– Знаешь, Загада, со мной и раньше так было!.. Прилепишься к жизни как к этакому влажному, вязкому телу и сосёшь какие-то соки, терпкие и приятные… А потом оттолкнёшься от влажного тела насыщенным и ходишь точно в хмелю… Потом проспишься, встанешь с похмелья, а голова тяжёлая, и в сердце тревога… Все дни у меня строились по одному плану: с утра до вечера туман всё больше и больше густеет, подхватывает тебя и несёт, несёт… Два часа ночи – не спишь… три – не спишь, и всё хочется ещё и ещё жить. Сутки казались короткими! А по утру, на другой день, подведёшь итоги прошлому дню и думаешь: «Ну его к чёрту, это опьянение, надо же быть и трезвым»… А к вечеру то же…
– Нервы поистрепались, – только и нашёлся сказать Загада, в сущности переживавший то же самое.
– Да-а, а в конце концов, всё это – слякоть! Помойная яма вся эта жизнь!..
Он задумался, усмехнулся, посмотрел в глаза Загады, ещё раз усмехнулся с кривой гримасой на губах и сказал:
– И вся ваша бывшая революция – слякоть!..
Загада хмурил брови и кусал ногти.
За последнее время Травин часто с каким-то непонятным цинизмом говорил о революции и называл её – «ваша революция»… А ещё недавно он говорил «наша революция». И тогда Загада понимал его, потому что у них с Травиным было нечто общее. А теперь они оба отошли от этого общего. Загада ушёл на путь какого-то тяжёлого раздумья и не знал, как оформить себя и приспособить к новой жизни… Именно – оформить, как говорил Загада сам себе… Прежний облик жизни точно стёрся или потускнел, а жить без облика нельзя…
«Если нет в душе содержания, то надо хотя бы формулу-то сохранить, – думал Загада. – Может быть, надо и формулу изменить и приспособить к новой жизни… Но надо что-нибудь сделать – иначе нельзя!»
Для Травина не стало содержания жизни, и он точно не думал о её форме. Сбили его с ног, выдавили из него содержание, и он как бабочка, раздавленная на садовой дорожке чьей-то тяжёлой ногой. Форма разрушена, в сознании ещё бродит что-то, а ему даже не больно, а только смешно и над собою и над этой грубой ногой, которая его раздавила.

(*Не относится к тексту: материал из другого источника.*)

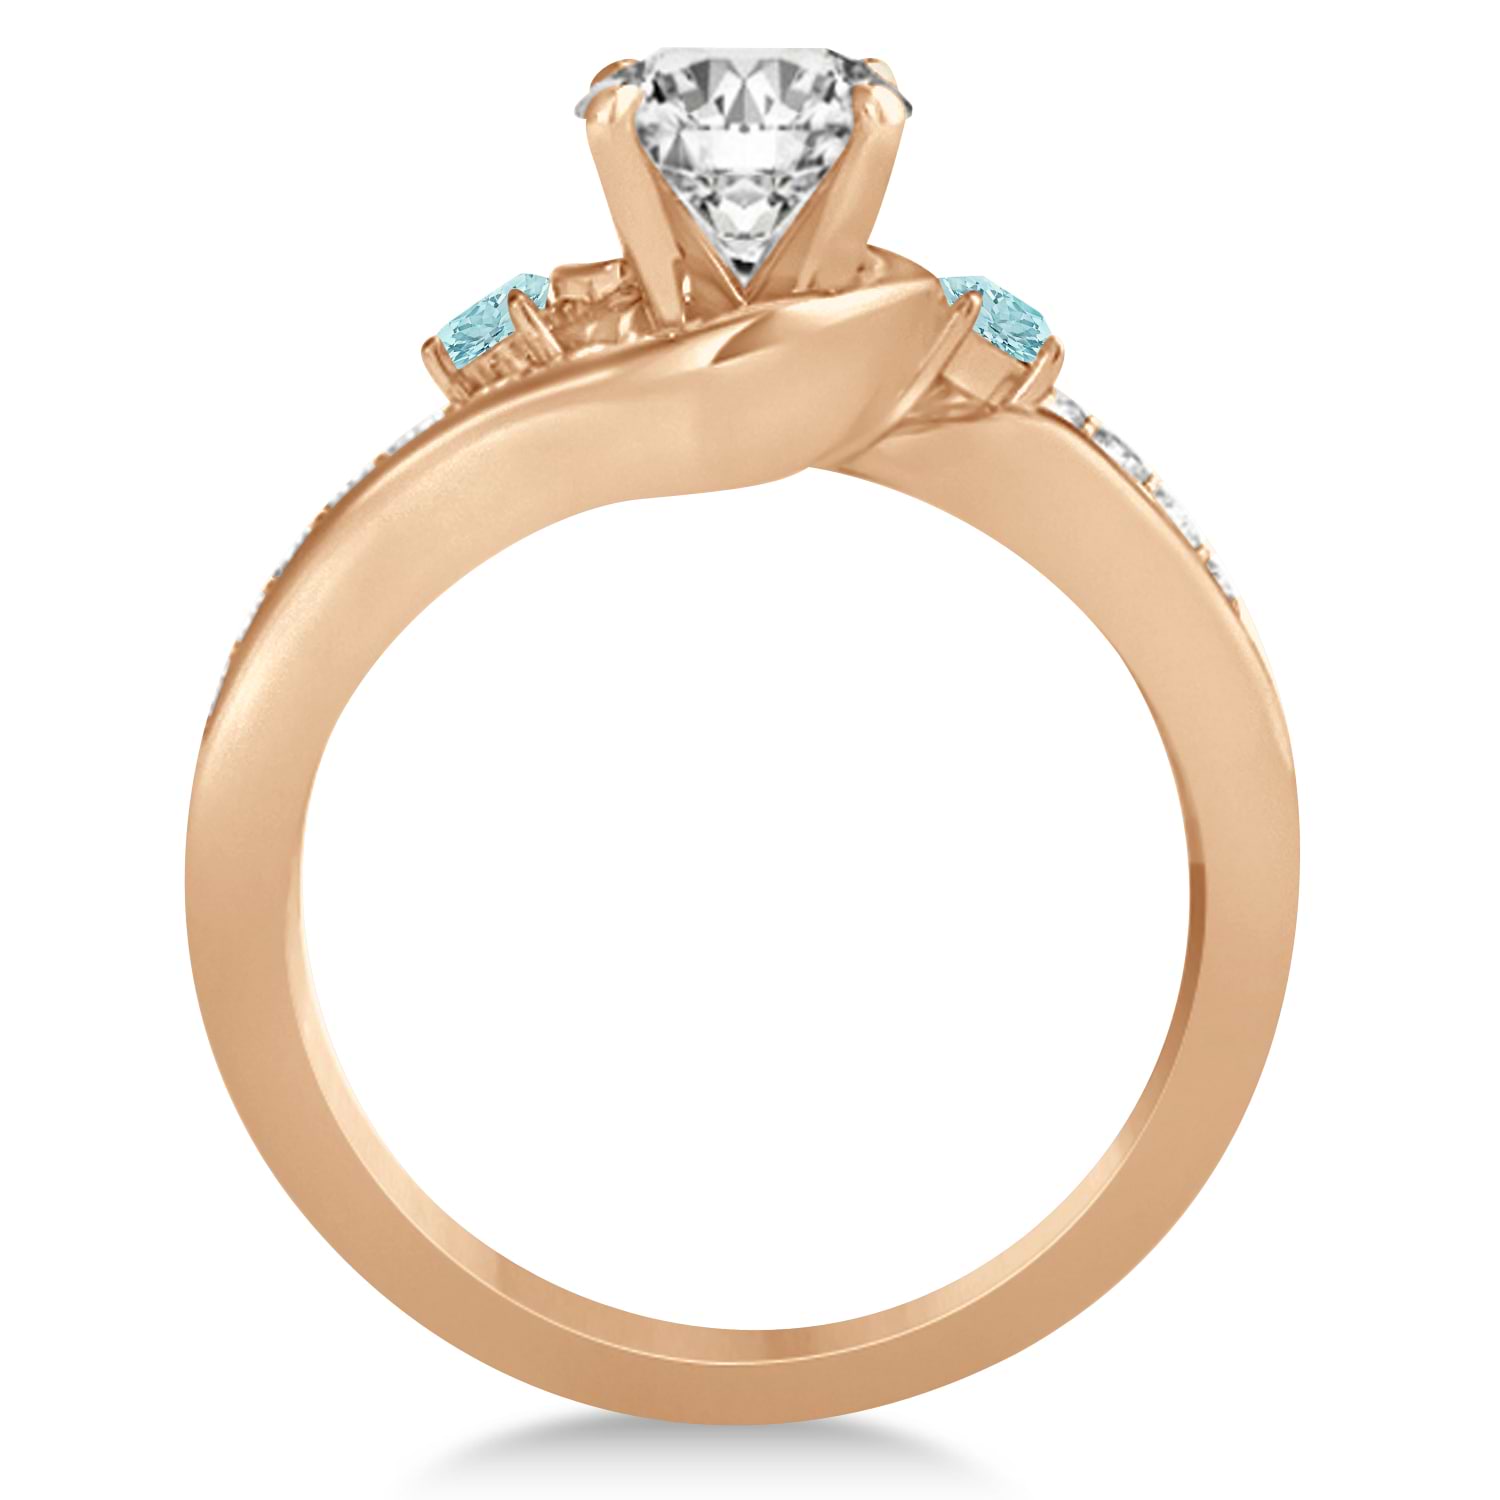 Aquamarine & Diamond Swirl Engagement Ring & Band Bridal Set 18k Rose Gold 0.58ct

«Теперь для него нет ничего связующего с жизнью, – думал о Травине Загада, – он – труп»…
Иногда ему хотелось возражать товарищу, и в нём вспыхивало острое желание сказать ему прямо в глаза это слово: «Труп!.. Труп!» Но его сдерживала жалость, и хотелось пощадить больного товарища. Можно не щадить себя в когтях новых, тягостных переживаний, но щадить Травина была его потребность.